Jalan Pertandingan yang Dramatis
Italia memulai pertandingan dengan cukup baik, mencetak gol pertama melalui Moise Kean pada menit ke-15, yang membuat skor menjadi 1-0. Namun, Bosnia tidak tinggal diam dan beberapa kali memberikan ancaman kepada gawang Italia, meskipun tidak berhasil mencetak gol pada babak pertama.
Situasi semakin sulit bagi Italia setelah bek Alessandro Bastoni diusir dari lapangan pada menit ke-41 akibat kartu merah langsung setelah melakukan pelanggaran keras terhadap Amar Memic. Keputusan wasit ini membuat Italia harus bertahan dengan 10 pemain, sebuah kondisi yang sangat menguntungkan bagi Bosnia.

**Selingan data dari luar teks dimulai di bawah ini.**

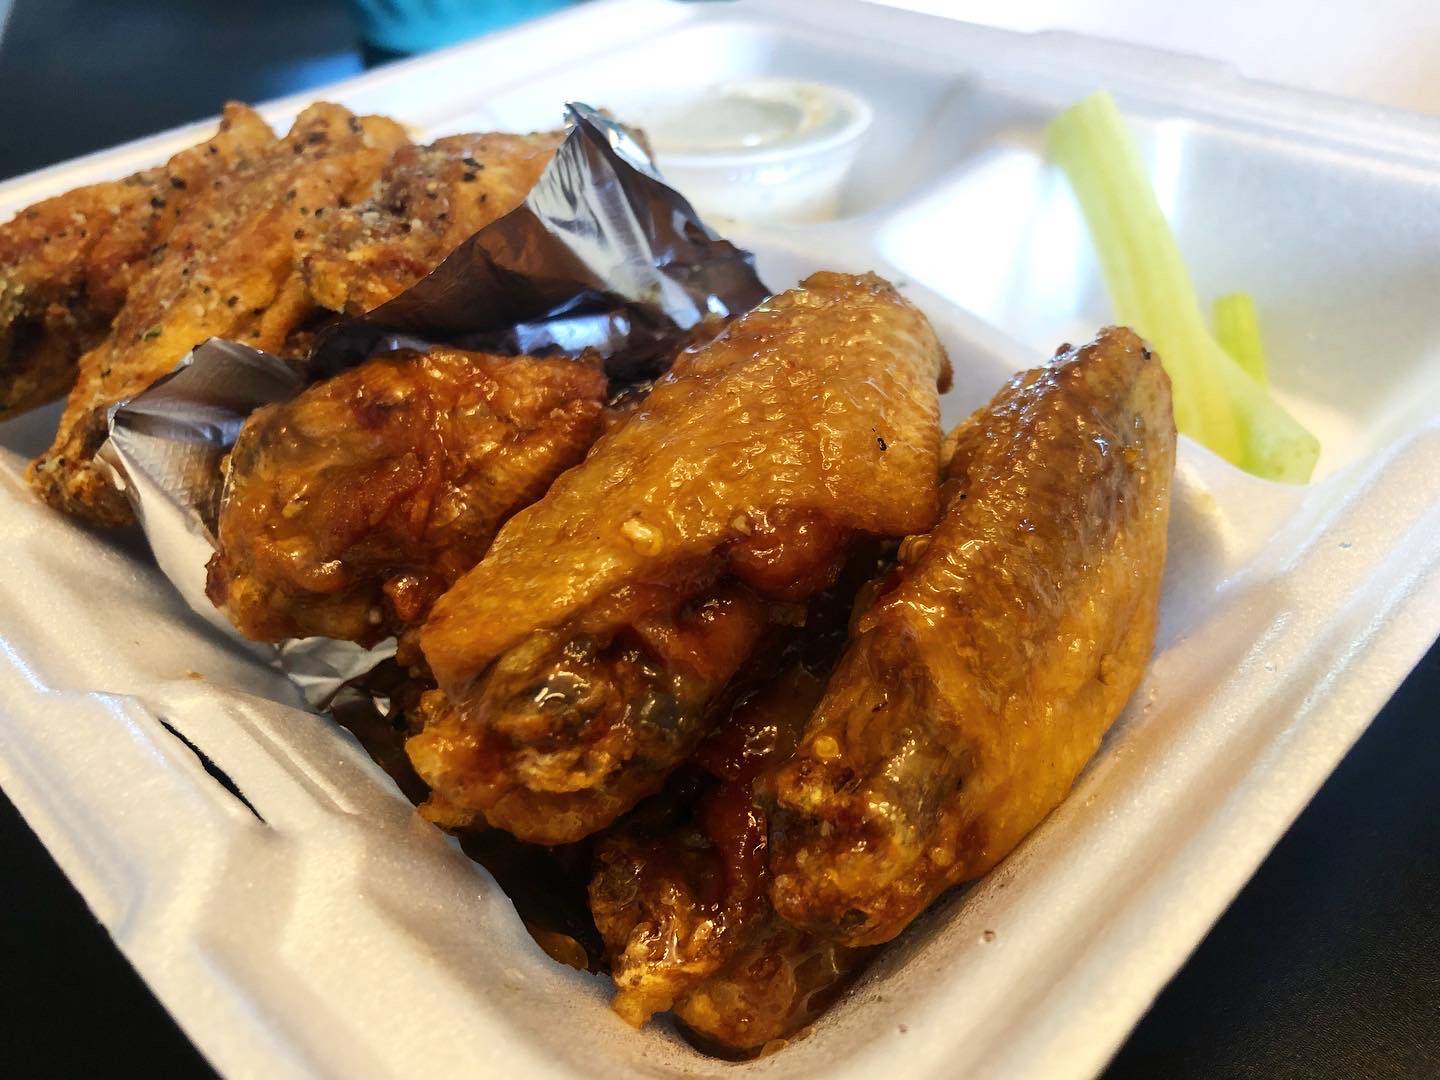 A close up of the five wings with rum sauce. Photo by Alyssa Buckley.

Babak Kedua yang Menegangkan
Di babak kedua, Bosnia memanfaatkan keunggulan jumlah pemain dan terus menekan pertahanan Italia. Mereka akhirnya berhasil menyamakan kedudukan pada menit ke-79 melalui gol Haris Tabakovic, yang mencetak gol setelah menerima bola rebound di dalam kotak penalti Italia.
Setelah gol tersebut, kedua tim berusaha untuk mencetak gol kemenangan, namun hingga akhir waktu normal dan tambahan, skor tetap 1-1. Pada titik ini, adu penalti menjadi penentu untuk menentukan siapa yang akan melanjutkan ke Piala Dunia.

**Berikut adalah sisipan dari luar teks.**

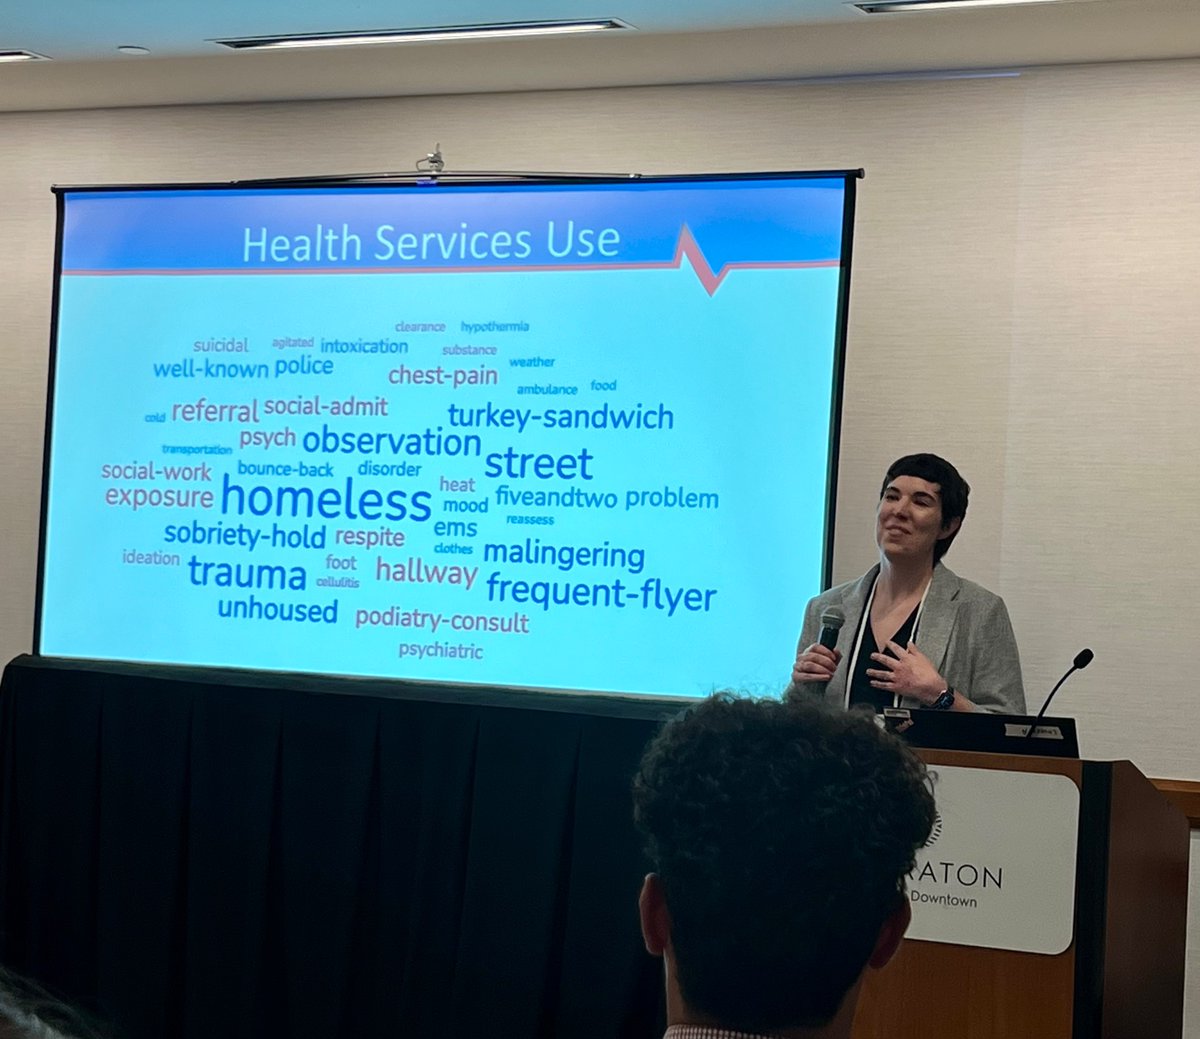 Yale #NIDA DAHRS fellow @CaitlinRyus dispelling commons myths about ED use and people with housing instability. Many do not use the ED at all, and most often it is for traumatic injuries. @Yale_EM @NIDAnews

Adu Penalti yang Menyakitkan
Dalam drama adu penalti, Bosnia tampil lebih percaya diri dan berhasil melakukan empat tendangan dengan baik. Sebaliknya, Italia harus menelan kecewa karena dua penendang mereka, Pio Esposito dan Bryan Cristante, gagal menjalankan tugas dengan baik. Kegagalan ini tidak hanya menjadi luka mendalam bagi tim, tetapi juga bagi seluruh pendukung yang berharap banyak pada timnas.
Turki Kembali ke Piala Dunia Setelah 24 Tahun
Sementara itu, kabar baik datang dari Turki, yang akhirnya mengakhiri penantian selama 24 tahun untuk kembali ke Piala Dunia. Tim berjuluk “Tim Ay-Yıldız” ini berhasil mengalahkan Kosovo dengan skor tipis 1-0 dalam final playoff jalur C Kualifikasi zona Eropa, yang juga berlangsung pada Rabu dini hari. Gol penentu kemenangan dicetak oleh Kerem Akturkoglu pada menit ke-53, menandai kembalinya Turki ke pentas dunia setelah terakhir kali tampil pada tahun 2002.
Keberhasilan Turki ini sangat berarti, terutama setelah mereka berhasil meraih peringkat ketiga di Piala Dunia 2002. Kini mereka tergabung dalam Grup D bersama Amerika Serikat, Paraguay, dan Australia, siap untuk menghadapi tantangan baru di kancah internasional.
Refleksi untuk Timnas Italia
Kegagalan Timnas Italia untuk lolos ke Piala Dunia adalah sebuah refleksi dari krisis yang lebih luas dalam sepak bola mereka. Dengan sejarah yang kaya dan prestasi yang gemilang, penting bagi federasi sepak bola Italia untuk mengevaluasi dan mencari solusi untuk mengembalikan tim ke jalur kemenangan.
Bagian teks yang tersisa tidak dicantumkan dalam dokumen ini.